Honestly, the noise and the commotion was more than I could take, so I quietly escaped to my room to watch the Food Network and I let my husband deal with the restless natives just outside my door. Not exactly a great way to kick off Mother's Day.

I remember when I was pregnant with Ryan and how I always imagined motherhood would be. I'd fantasize about being the one they would always show on TV. You know the one in the commercials dressed in a white robe holding her sleeping cherub. The picture of serenity filmed through that gauzy soft Cybil Shepherd from Moonlighting lens. Then there was the older mom picking her kids up from school, always stylish and showered as she dashed off to some PTA event. These moms were beautiful. These moms were put together. These moms, as it turned out, were so not me.

My dreams of newborn baby bliss were dashed when both my kids suffered from colic for their first few months of life. As for being the stylish PTA mom, I'm still working on the just being showered part. Yes, I must admit that I sometimes feel as though I have somehow fallen short in my endeavors as a mom. Moreover, there is good reason to think so. I am a "bad" mom because:

I have let my children go days without bathing them and they start to resemble a member of the cast of Oliver Twist (Please Sir, can I have a bath).

I have pretended not to notice when they have picked up some piece of cookie that fell on the floor last week (I also don't clean my floors nearly enough).

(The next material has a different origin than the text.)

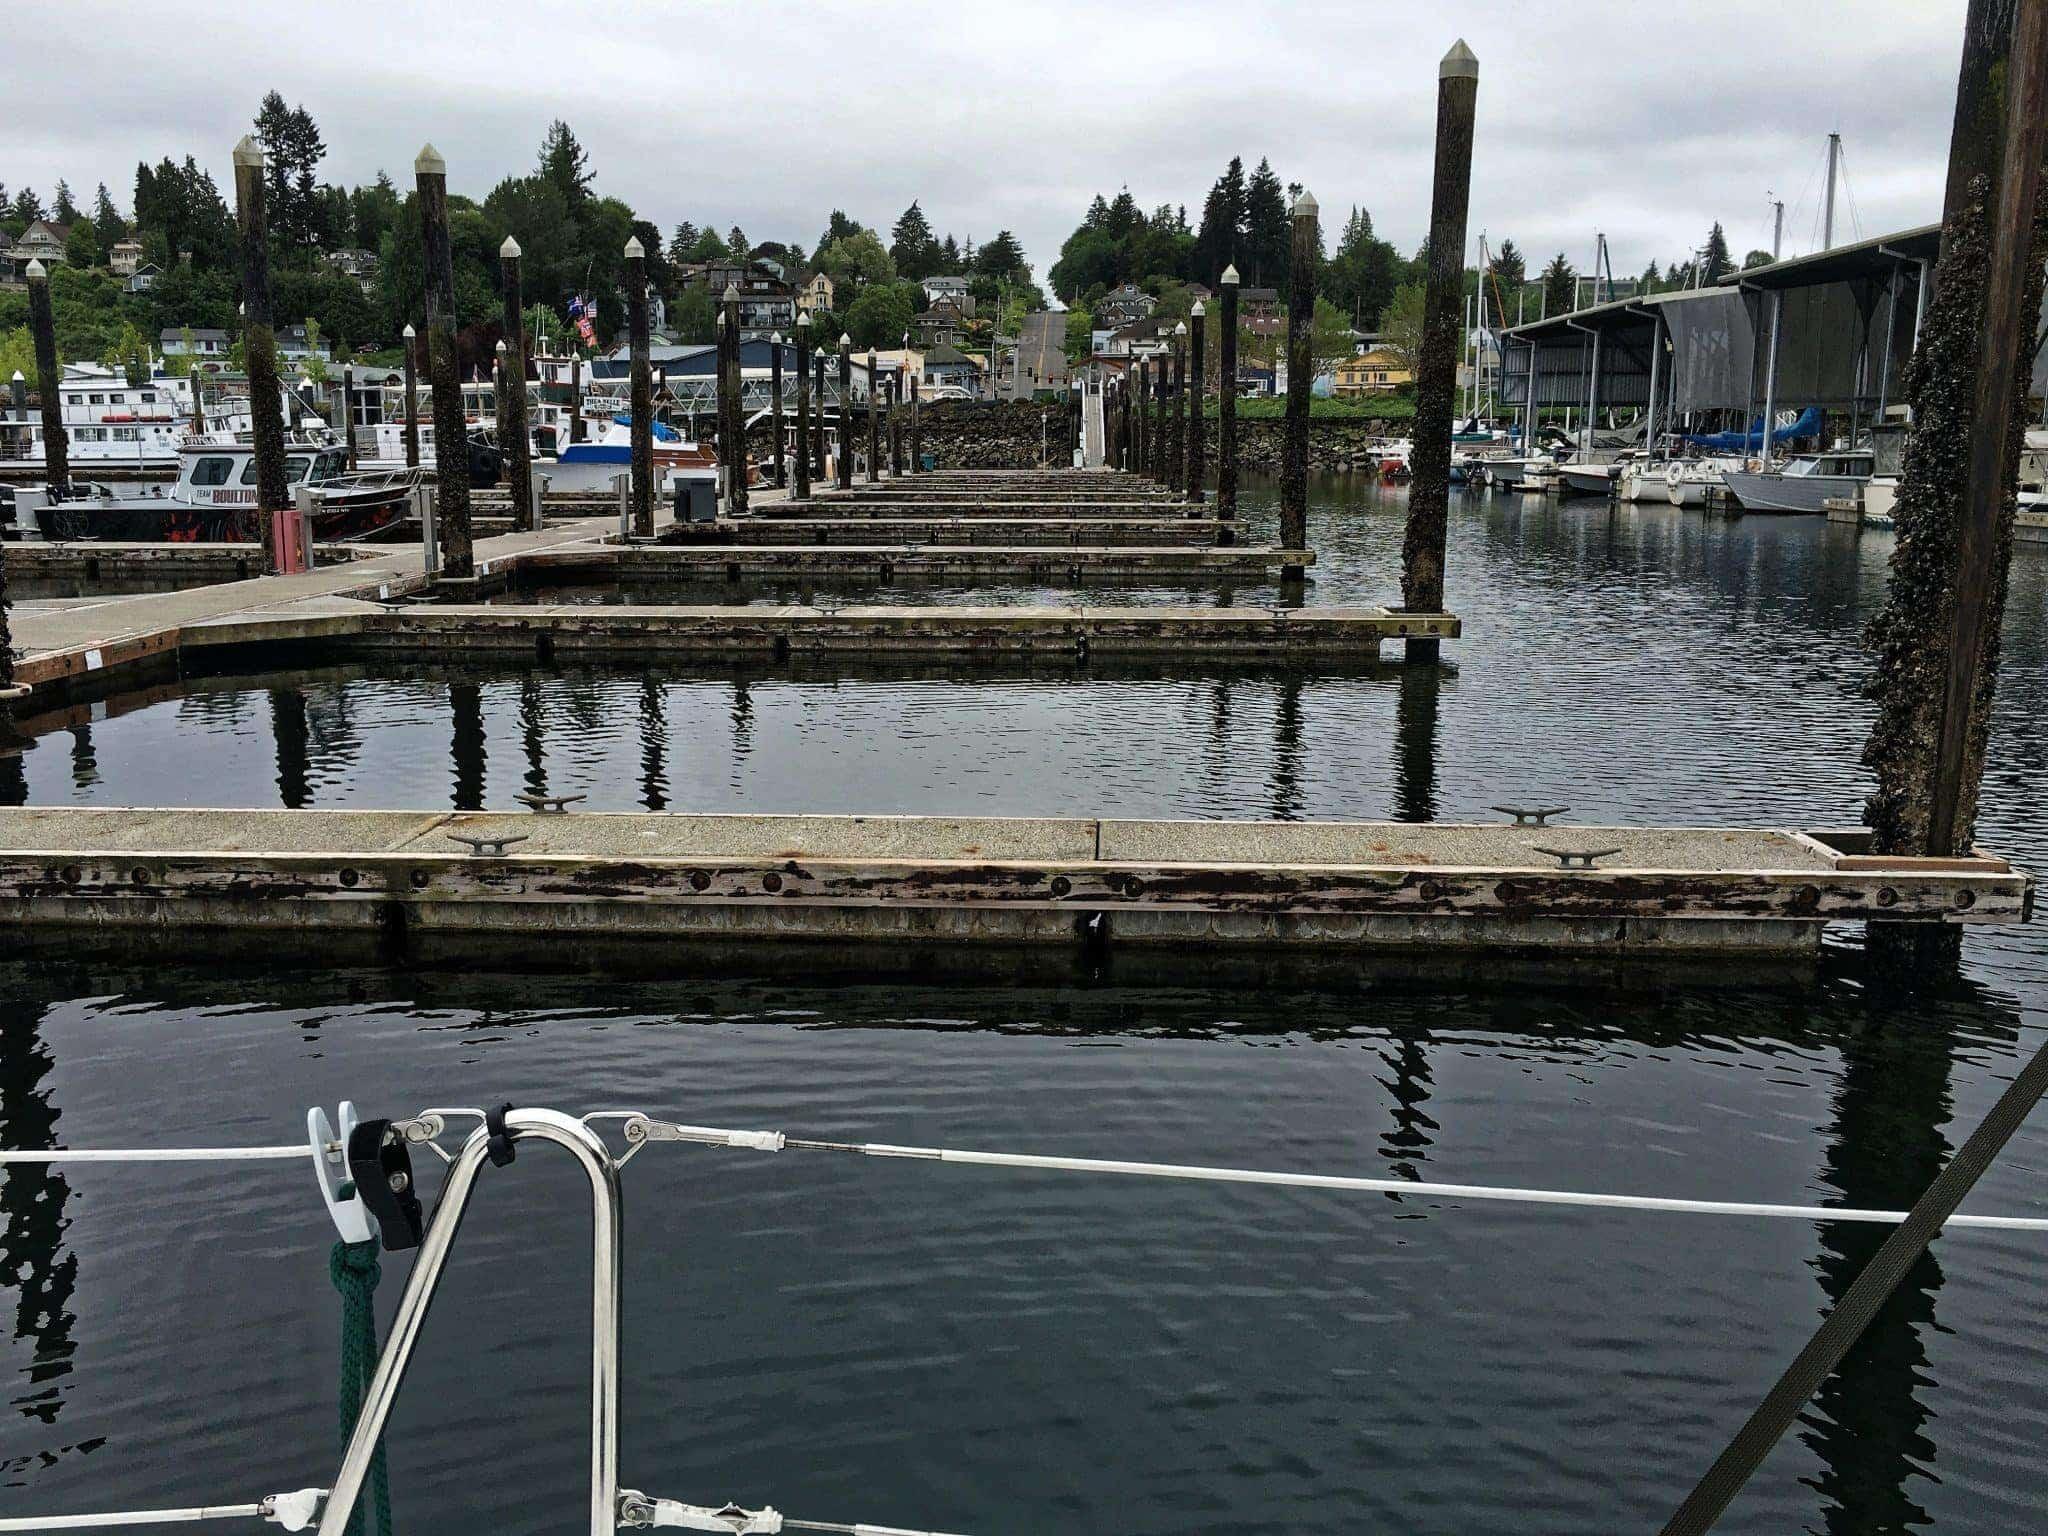 Empty guest docks

I've let Justin get away with things I would never let Ryan do, with the feeble excuse that, "Justin doesn't understand like you do", when what I really mean is, "Justin doesn't understand and I'm not in the mood to turn this into a "teachable moment".

I have eaten yummy treats in the kitchen when my kids were occupied, because I just didn't feel like sharing.

I have given both my kids a nip of melatonin, not because they needed to go to sleep, but because I needed them to go to sleep.

I yell...a lot. Sometimes I even spank. However, the guilt of such acts usually renders me so guilty that I shower affection on them for the days that follow.

Therefore, it is true. I am highly flawed. But sometimes I do get it right. I get it right when:

I read Skippyjon Jones for the 100th time, complete with silly voices.

I always get my kids the Happy Meal because even though I know half the meal will go uneaten, I remember how cool it was to get the toy in the box.

Ryan scores a goal in soccer for the other team, and I still yell "good effort" and mean it.

Justin "escapes" upstairs to his own little world, and I still go up and pull him out, even when I'd rather be relaxing in my chair with a glass of wine and a House re-run.

Ryan asks for "a cuddle" and I rarely say no. And when Justin follows suit and climbs onto my already crowded lap, I know there's no better place to be than beneath that tangle of feet and elbows.

So when all is said and done, I guess I will feel good about being the highly flawed mother that I am, because at least I know that sometimes I do still have my moments.